R-Guard products also helped the project go far beyond Passive House levels of air changes per hour on the building envelope. An initial blower door test produced a result of 0.29 ACH50 – which beats the Passive House level of 0.6 ACH50 by more than half.

The R-value of the wall assembly (which Rockhill predicted would net out around 50 to 55) ended up at 62, blowing away a typical R-value result of 19 to 30 in conventional construction.

An initial blower door test of the 2015 project produced a result of 0.29 ACH50, which beats the Passive House level of 0.6 ACH50 by more than half.

The next frontier

After the project wrapped up this summer, Wolfrum and 15 other boot camp survivors headed off on the start of their respective career paths. For Wolfrum, that means working on a residential construction job in Alaska. Ideally, he’d like to specialize as a Passive House consultant or a sustainability coordinator.

Wherever he ultimately lands, Wolfrum recognizes that he’ll have a leg up over his peers seeking the best jobs in the industry.

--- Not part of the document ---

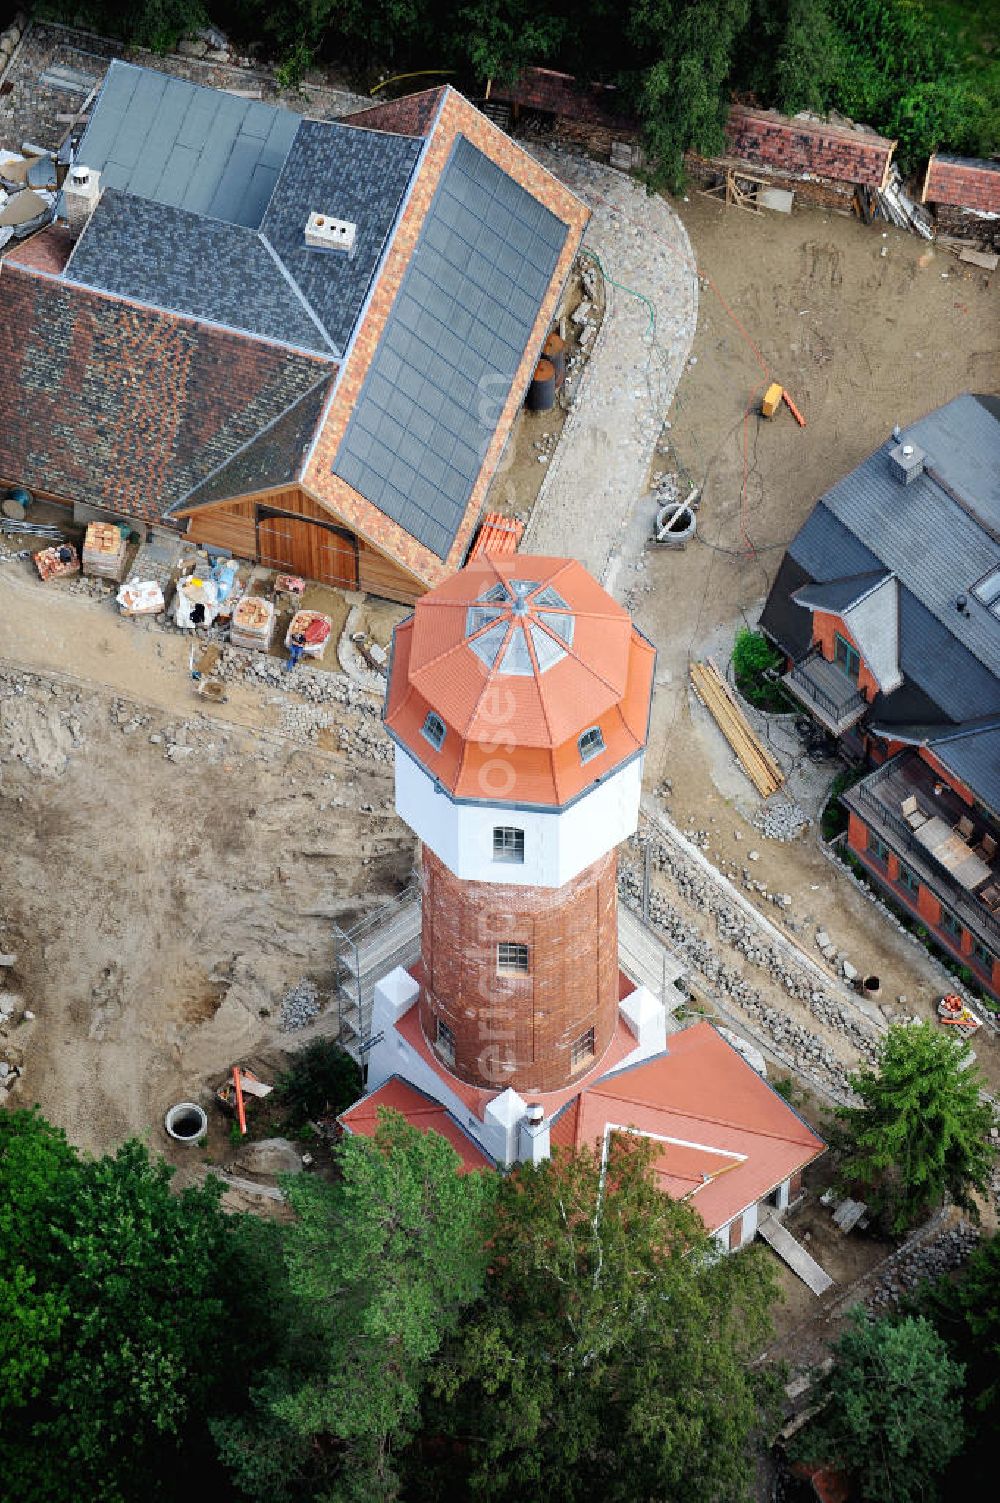 Graal Müritz from above - Blick auf die Restaurationsarbeiten am Wasserturm in Graal-Müritz in Mecklenburg-Vorpommern. Der Wasserturm wurde 1913 gemeinsam mit einem Wasserwerk für Graal und Müritz erbaut und wird mittlerweile von einer Privatfirma zu einem Ferienhaus restauriert.

“(Studio 804) puts you above anyone who’s only had the studio experience,” he said. Before starting boot camp, “half of us didn’t know how you would detail a window opening or what spacing a stud is at in a house. That is I think the main advantage of having that on-site experience. Seeing how things go together and being a part of it.

“You could be qualified to go work construction, or oversee construction, or work in an architecture office. There’s a lot of different options from this that it opens you up to.”